Greetings, gang

AH, nostalgia, nostalgia. There is a hint of snow in the Rhineland, but I'm gazing at sun-drenched rice paddies and T-shirted cyclists who are glad for every inch of shade. It being that time of year, I'm pasting photos onto homemade Christmas cards to the Gang of 20 who got acquainted with Jiangsu Province and each other last August. Our T-shirts read, in bold Chinese characters, ``Drive carefully.'' And for the most part we did, especially over the potholes, sand, cinders, manure, and occasional steel reinforcing bars we encountered on the roads along the sixth-century Grand Canal.

Our care wasn't always sufficient to keep us upright. Eilleen took the most spectacular dive - into a roadside ditch that festooned her with watery weeds. Dave - the same Dave who, in American collegiate exuberance one 3 a.m. in Nanking, when he was passing a bicycle loaded with delicately balanced cages of 100 groggy ducks, couldn't resist quacking and waking the whole gaggle into instant chorus - that same Dave helped fish Eilleen out and restore her to vertical posture.

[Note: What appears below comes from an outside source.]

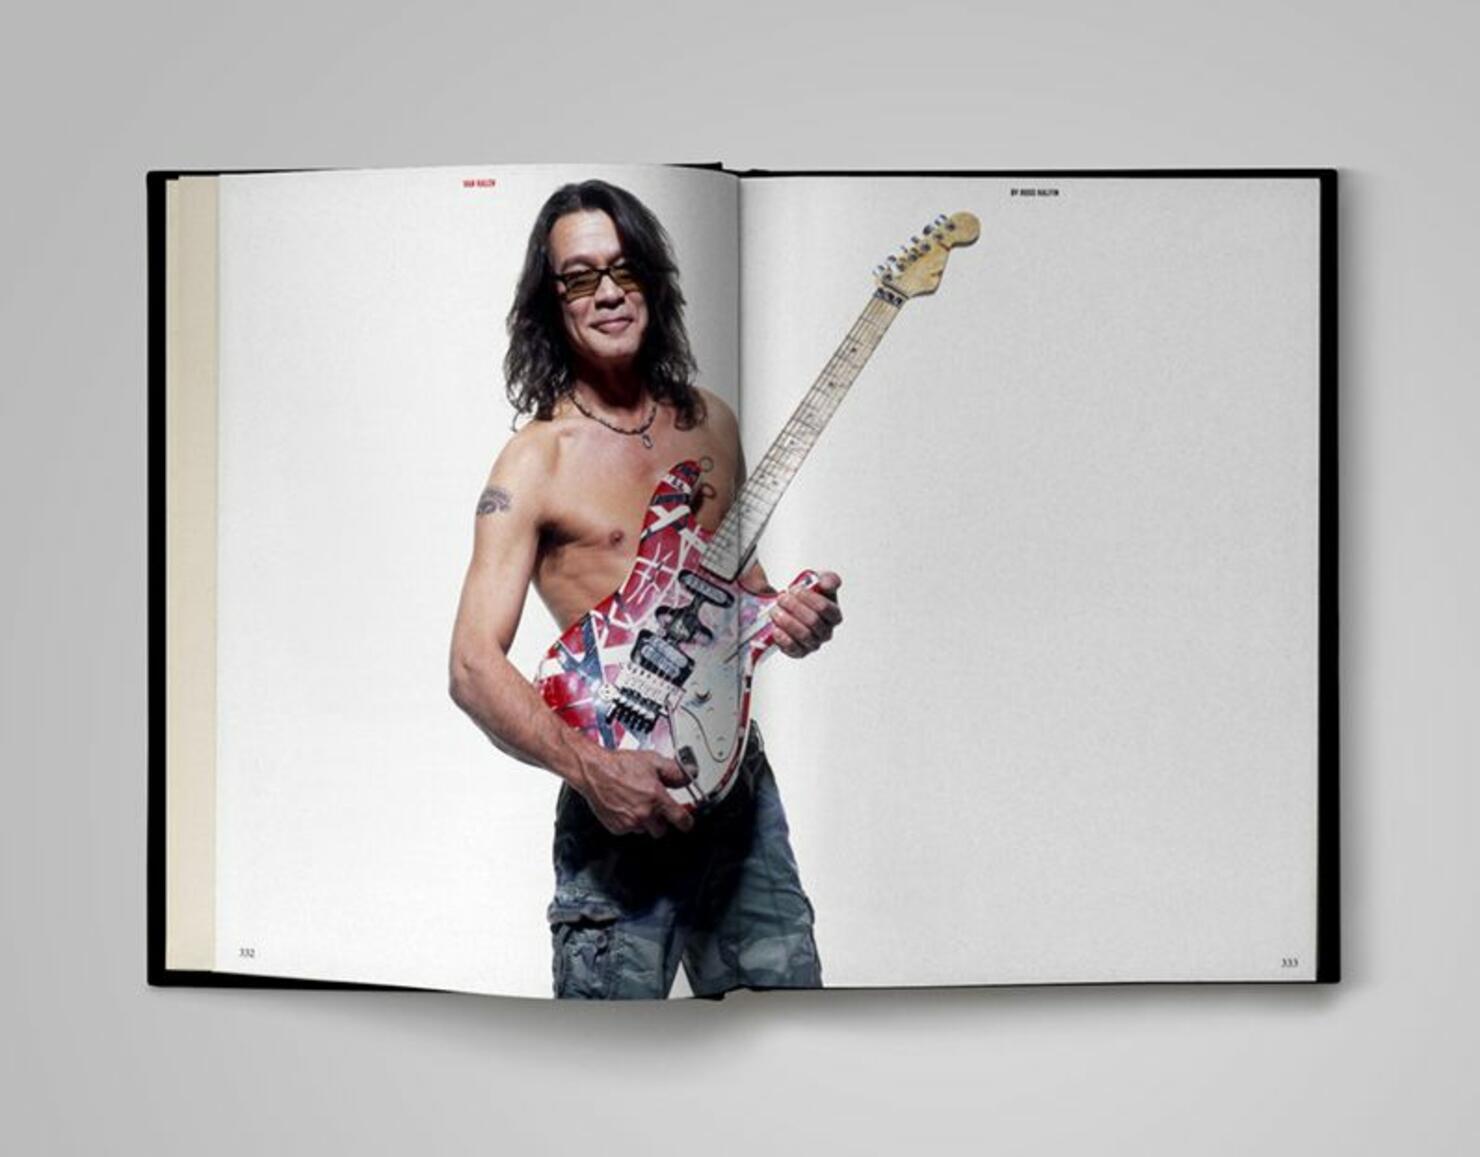 Edward Van Halen　by Ross Halfin

As she reads this Christmas card, she will be practicing at the California bar as a fresh-fledged lawyer. And as Dave reads his, he will be programming computers at an Ohio hospital.

It was and it wasn't seeing China at Chinese-eye level. One local worker at a fish farm of the sort the Chinese pioneered centuries ago did pedal alongside me for 10 minutes at the Taihu Lake, chatting in carefully pronounced English. And in cities we had the feeling that we could legitimately ride the alleyways that are everyone's front porch to participate vicariously in the laundering, carpentry, mah-jongg, grandmothering, and mini-concerts by pet cicadas - all without the intrusion that walking slowly through the same alleys would have produced.

But apart from pumping our knees and riding our bells in the same fashion, we were hardly like typical Chinese commuters and laborers. We had no wives and children piled onto the backs of our vehicles; no carts, ducks, or sofas; no huge bags of bones; no color TVs. Indeed, with a luxury that bordered on the embarrassing, we carried nothing except our water bottles and cameras. The bus hauled all our luggage and faithfully followed the ``sweep,'' the tail appointed each day to make sure no stragglers got left behind.

Tom - Dave's father, founder of his own coal company in Kentucky, a man who marveled at the loads carried on carts and mused about what kind of ball bearings could accommodate that much weight on those little axles - usually volunteered cheerfully rain or shine for the thankless post of sweep.

It did rain, of course. One of the photos on the Christmas cards shows us in front of the Shuang Men Lou Hotel, all lined up in yellow and blue ponchos and the bicycle helmets that so dumbfounded onlookers wherever we went. Helen and Anne and drummer Charlie are there, plus Henry, the Dutch-Canadian who was always cracking ``American'' jokes, and Janet, our Canadian guide, who was taking a break from studying archeology in Peking.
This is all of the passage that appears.